Give the listing back in full, exactly as written, with the pictures removed.

MATERIAL PROVIDED: Begin

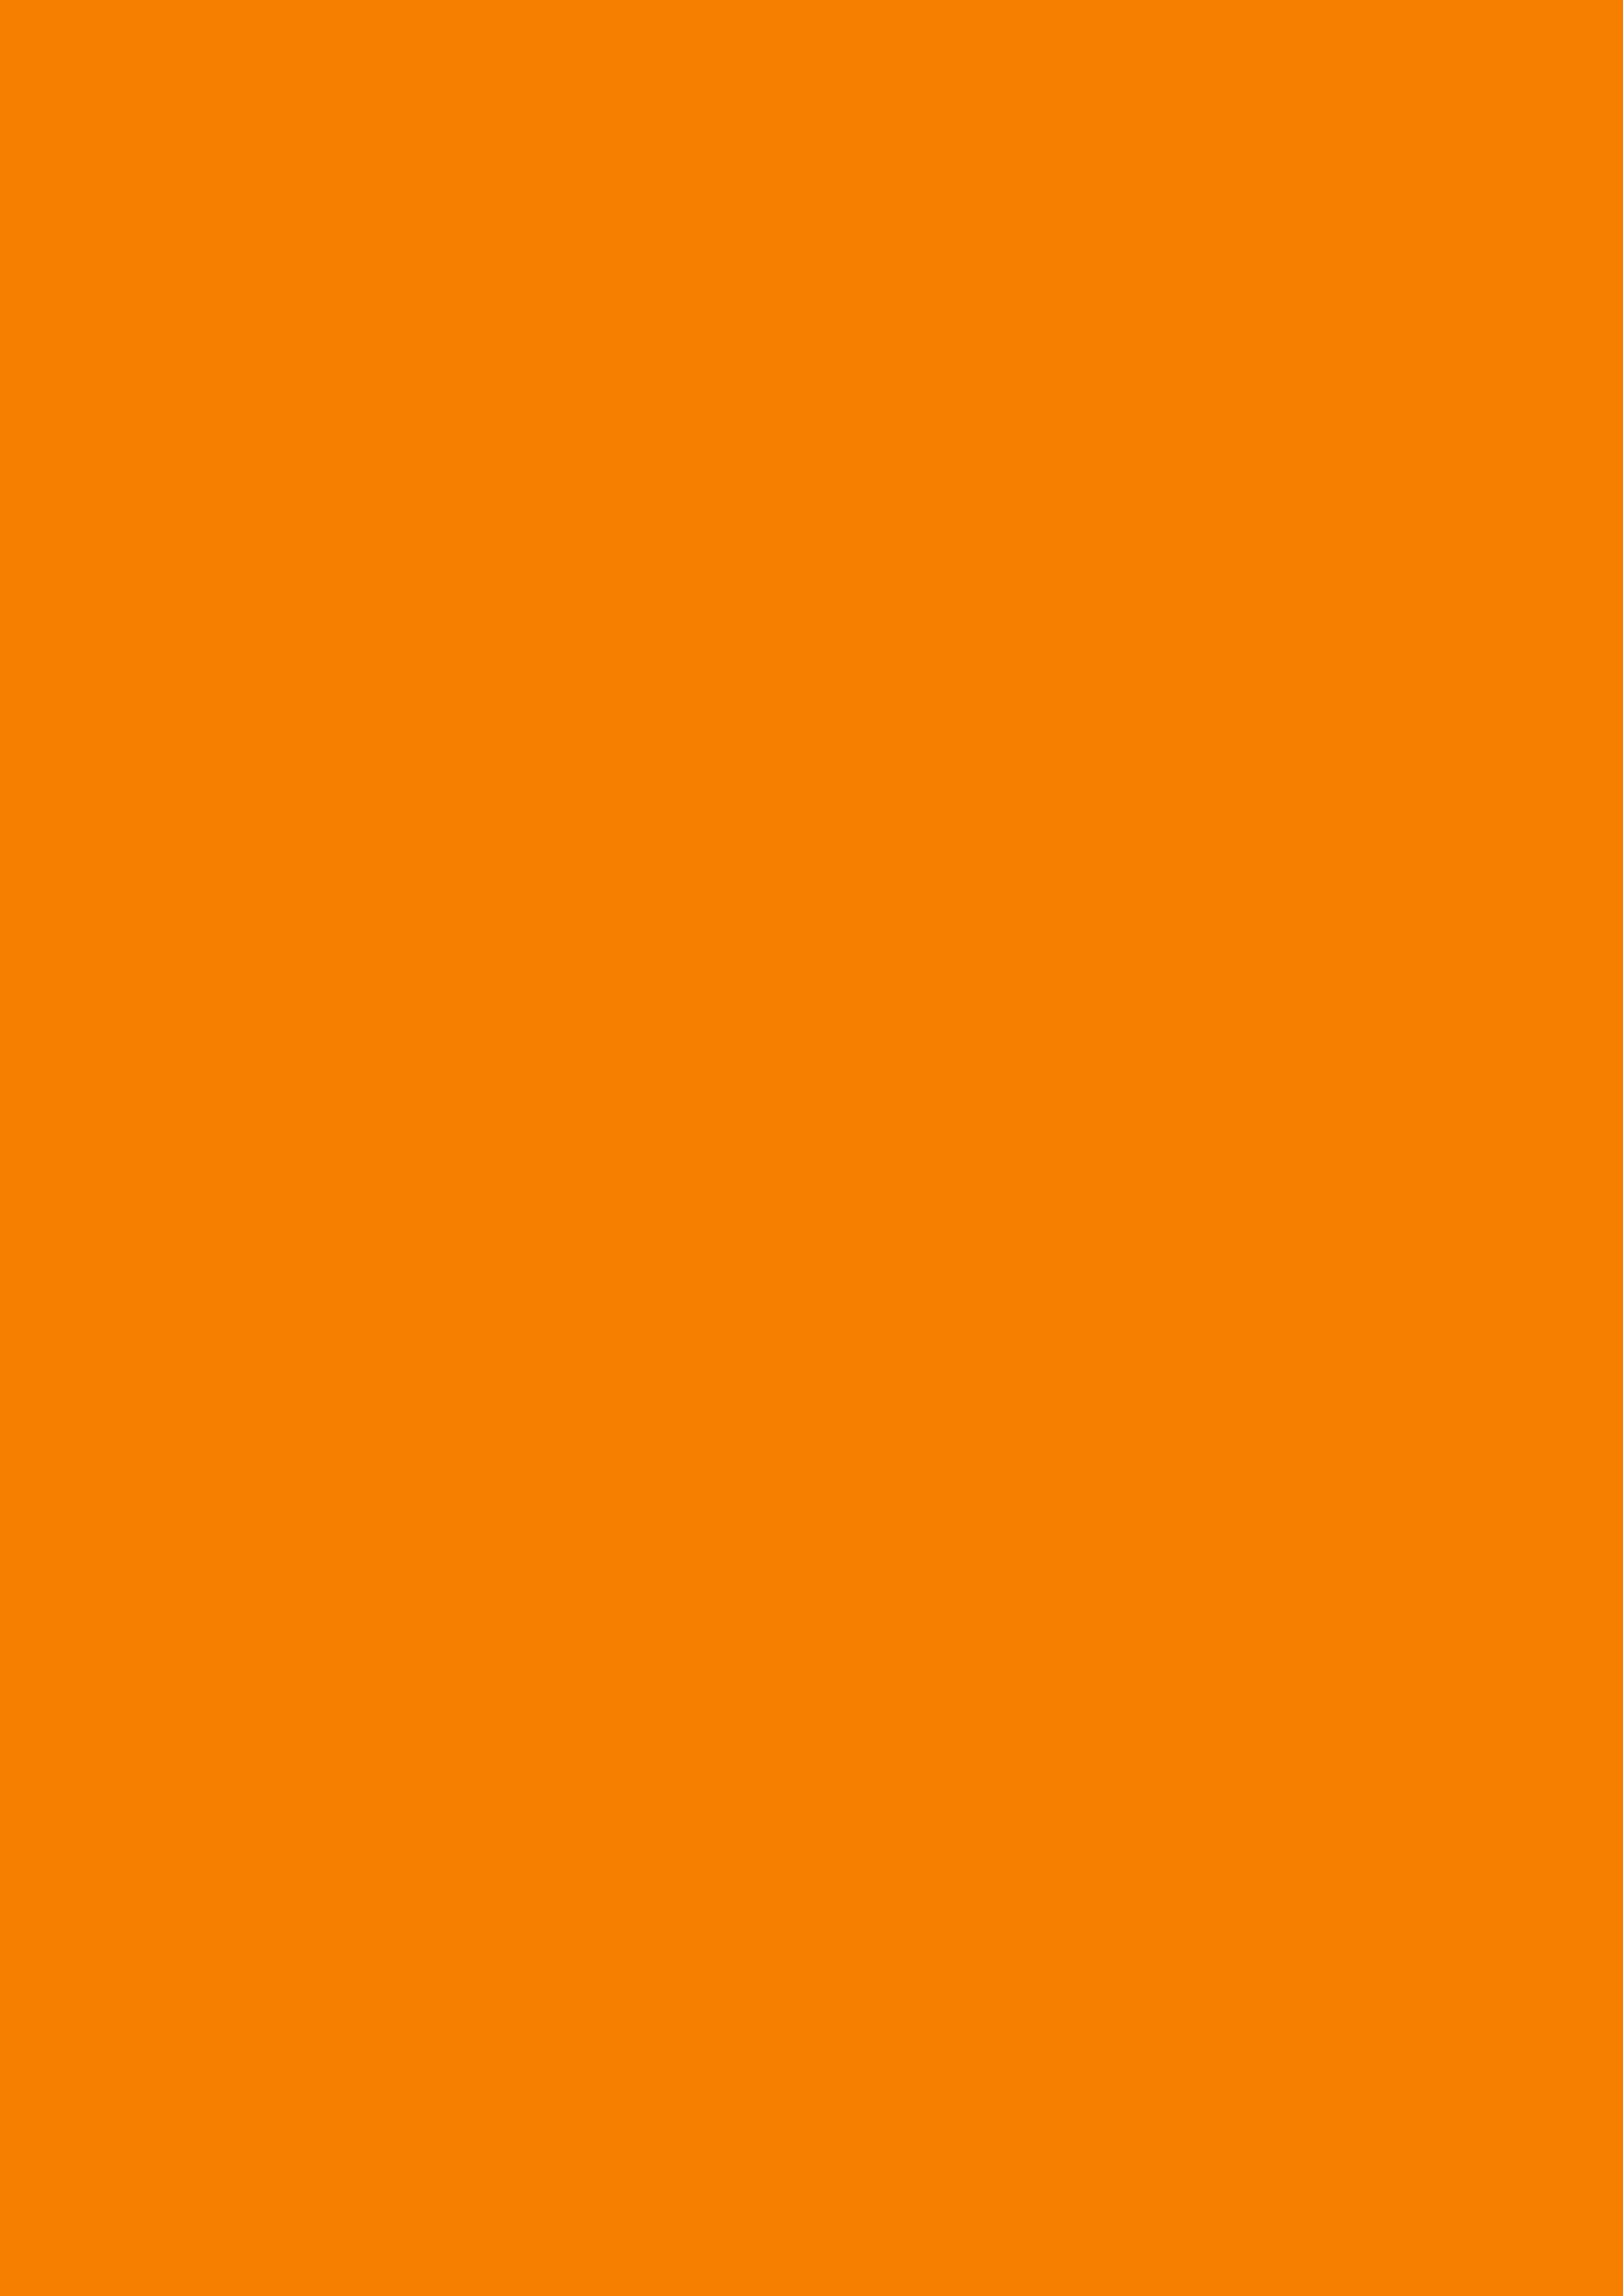 2480x3508 University Of Tennessee Orange Solid Color Background
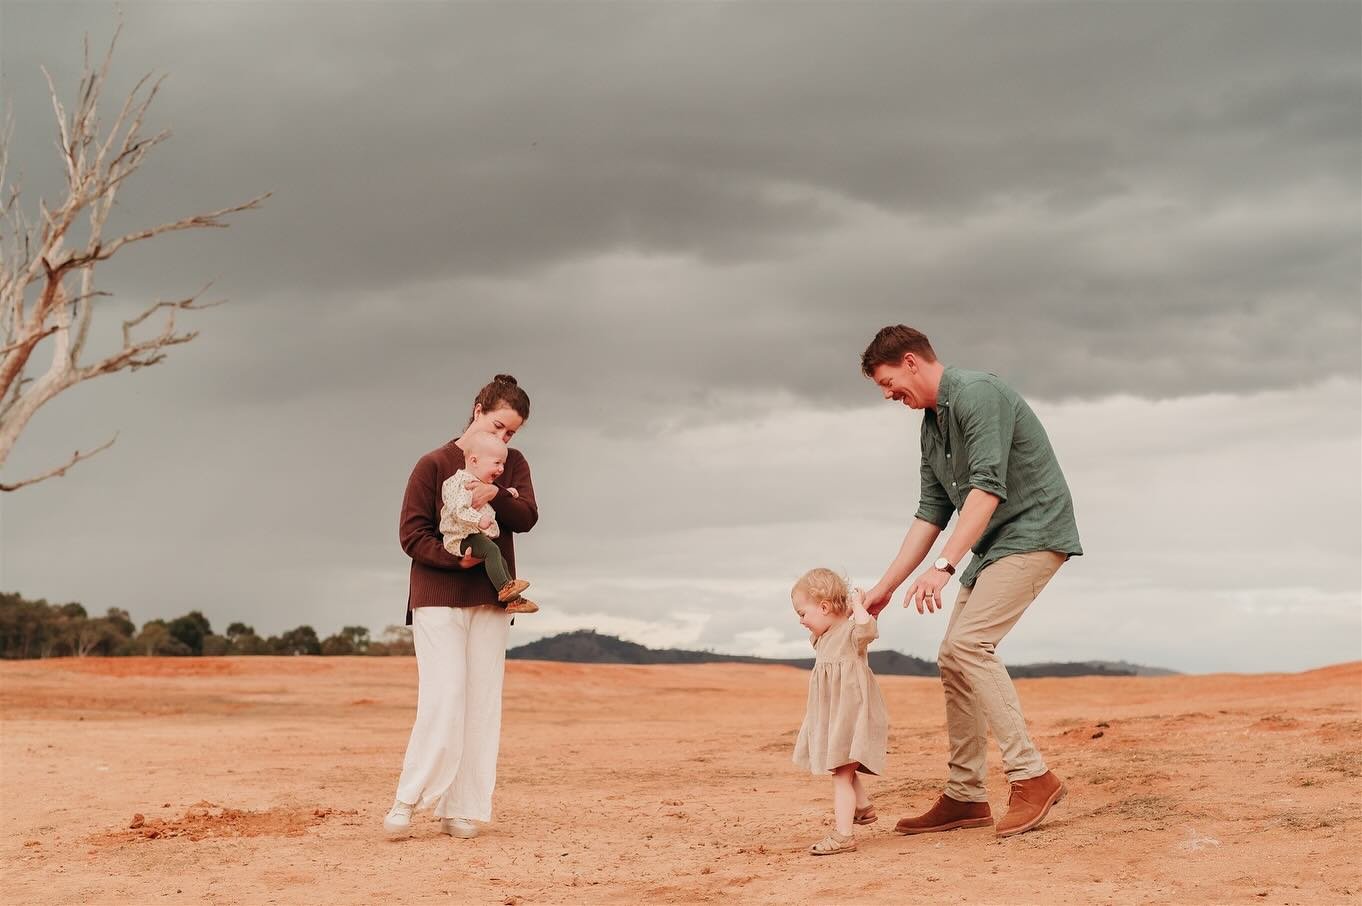 A stormy day getting caught in the rain which can only be described as complete perfection. A glorious stormy sky, a dried up lake and the warmth of their love. Capturing the beauty of raising their two golden girls. The most remarkable of evenings w
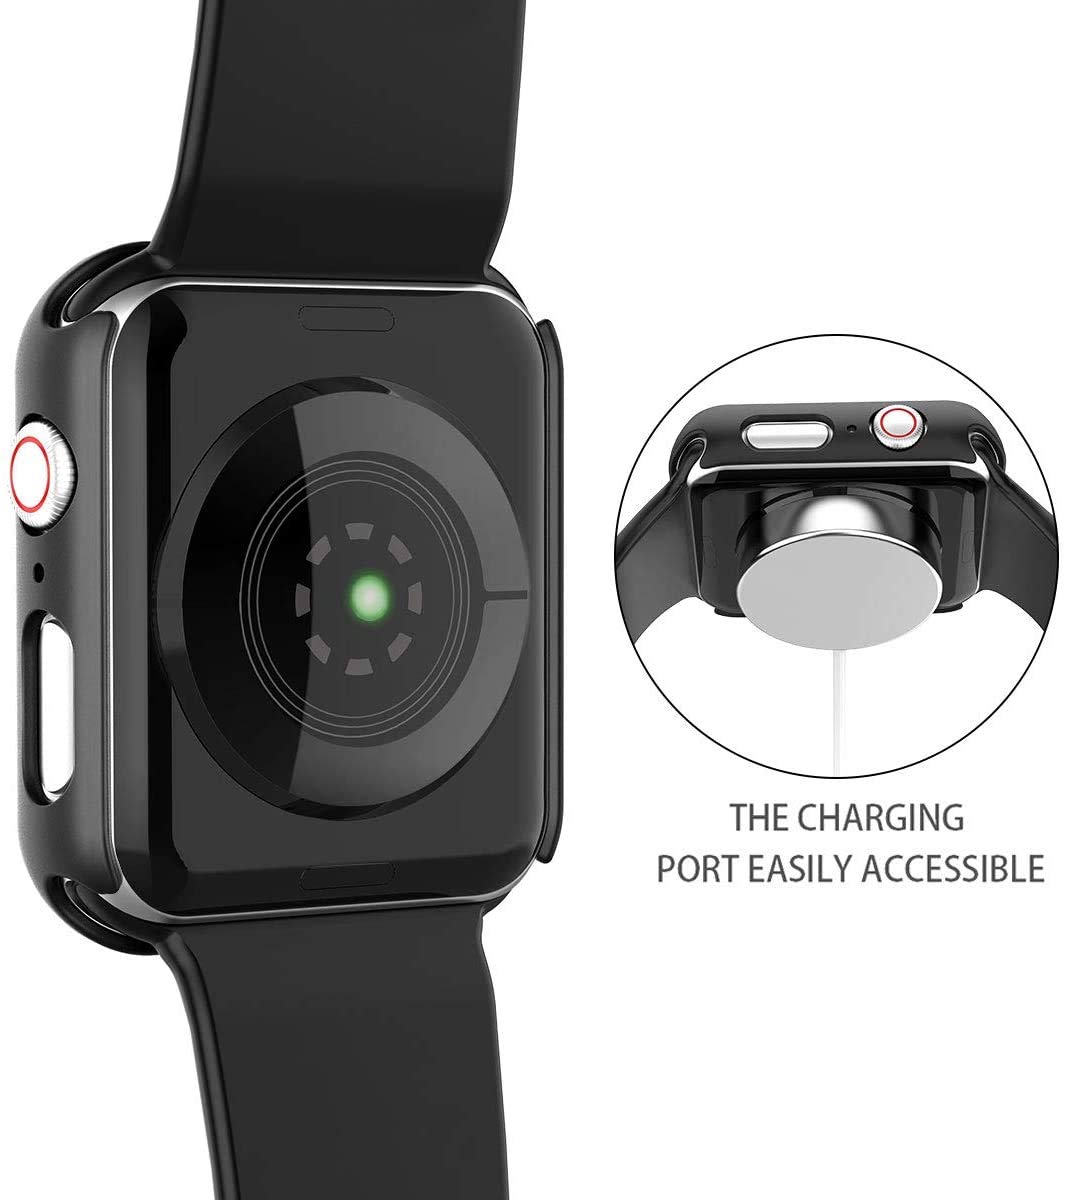 Misxi 2 Pack Hard PC Case with Tempered Glass Screen Protector Compatible with Apple Watch SE Series 6 Series 5 Series 4 40mm - Black
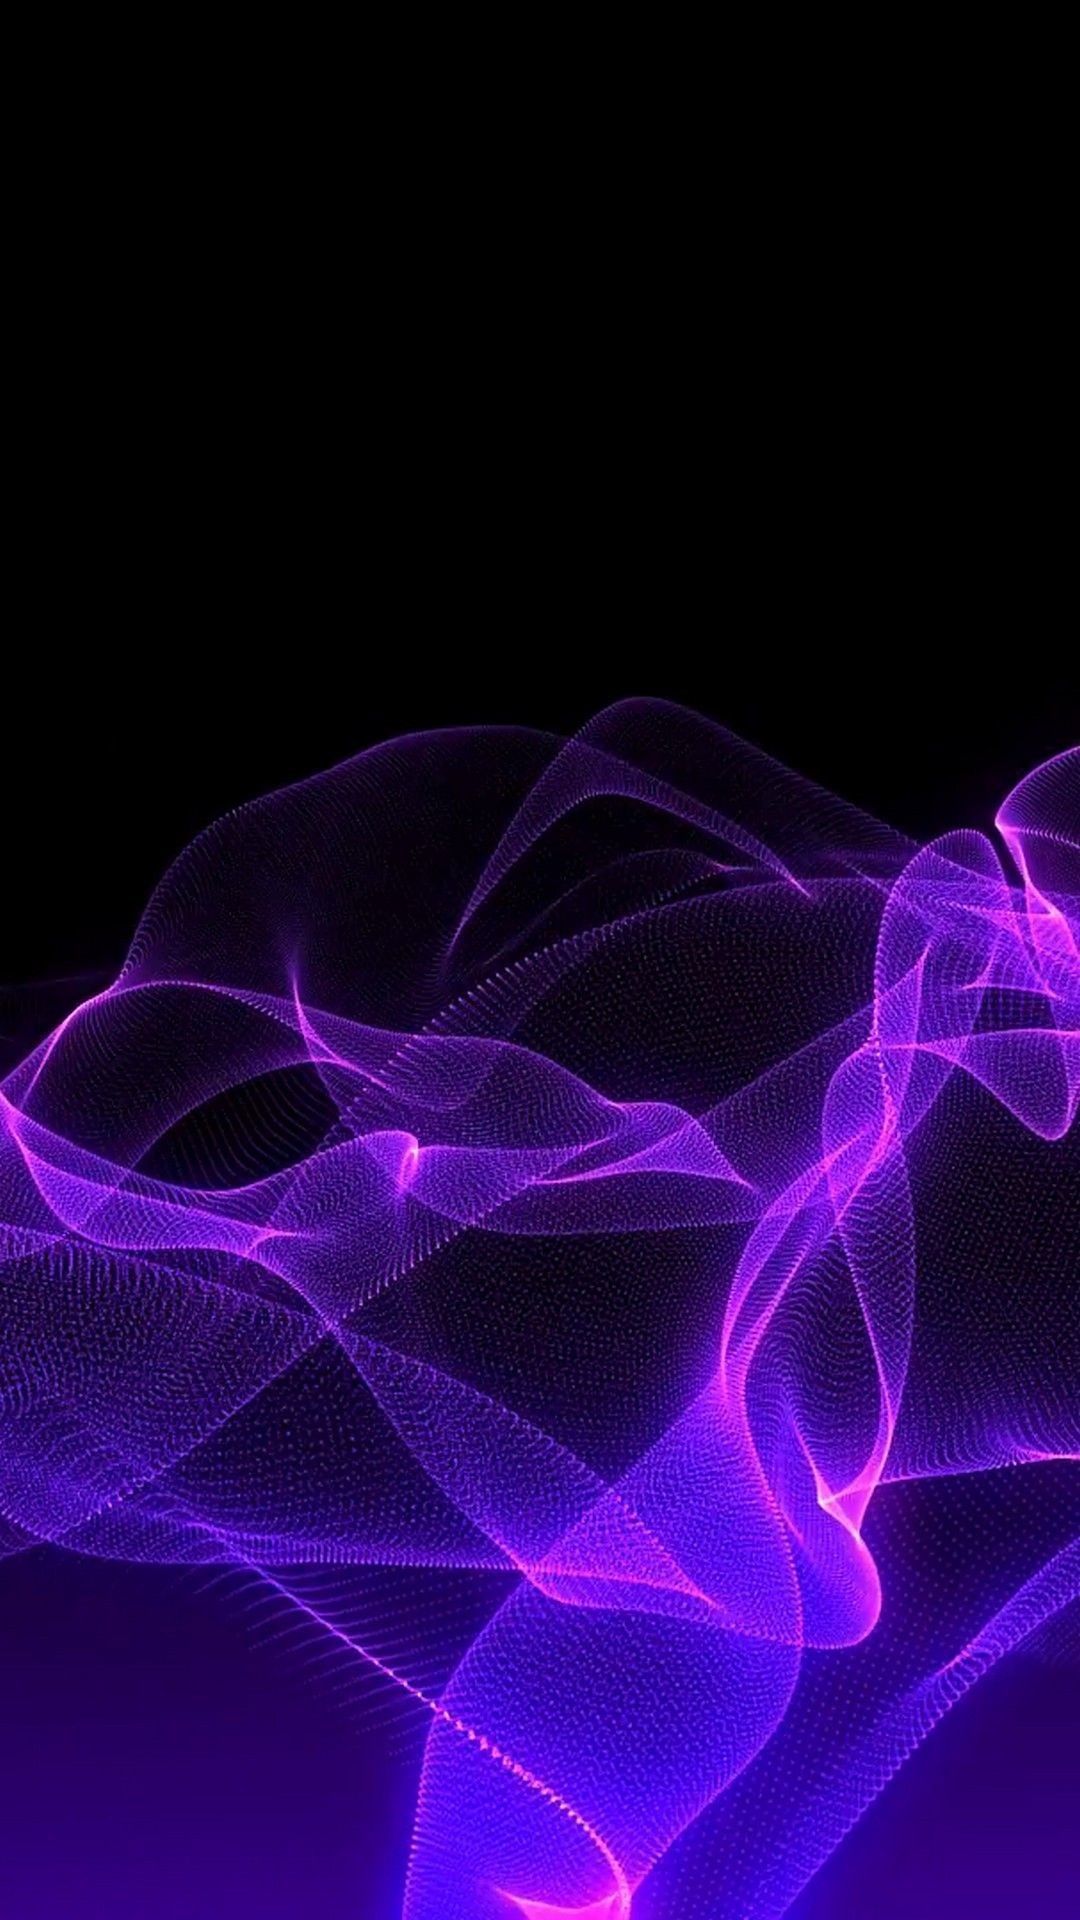 Cool Purple and Black Wallpaper Free Cool Purple and Black Background

MATERIAL PROVIDED: End

* SOLVED PROBLEM
 2480x3508 University Of Tennessee Orange Solid Color Background
 A stormy day getting caught in the rain which can only be described as complete perfection. A glorious stormy sky, a dried up lake and the warmth of their love. Capturing the beauty of raising their two golden girls. The most remarkable of evenings w
 Misxi 2 Pack Hard PC Case with Tempered Glass Screen Protector Compatible with Apple Watch SE Series 6 Series 5 Series 4 40mm - Black
 Cool Purple and Black Wallpaper Free Cool Purple and Black Background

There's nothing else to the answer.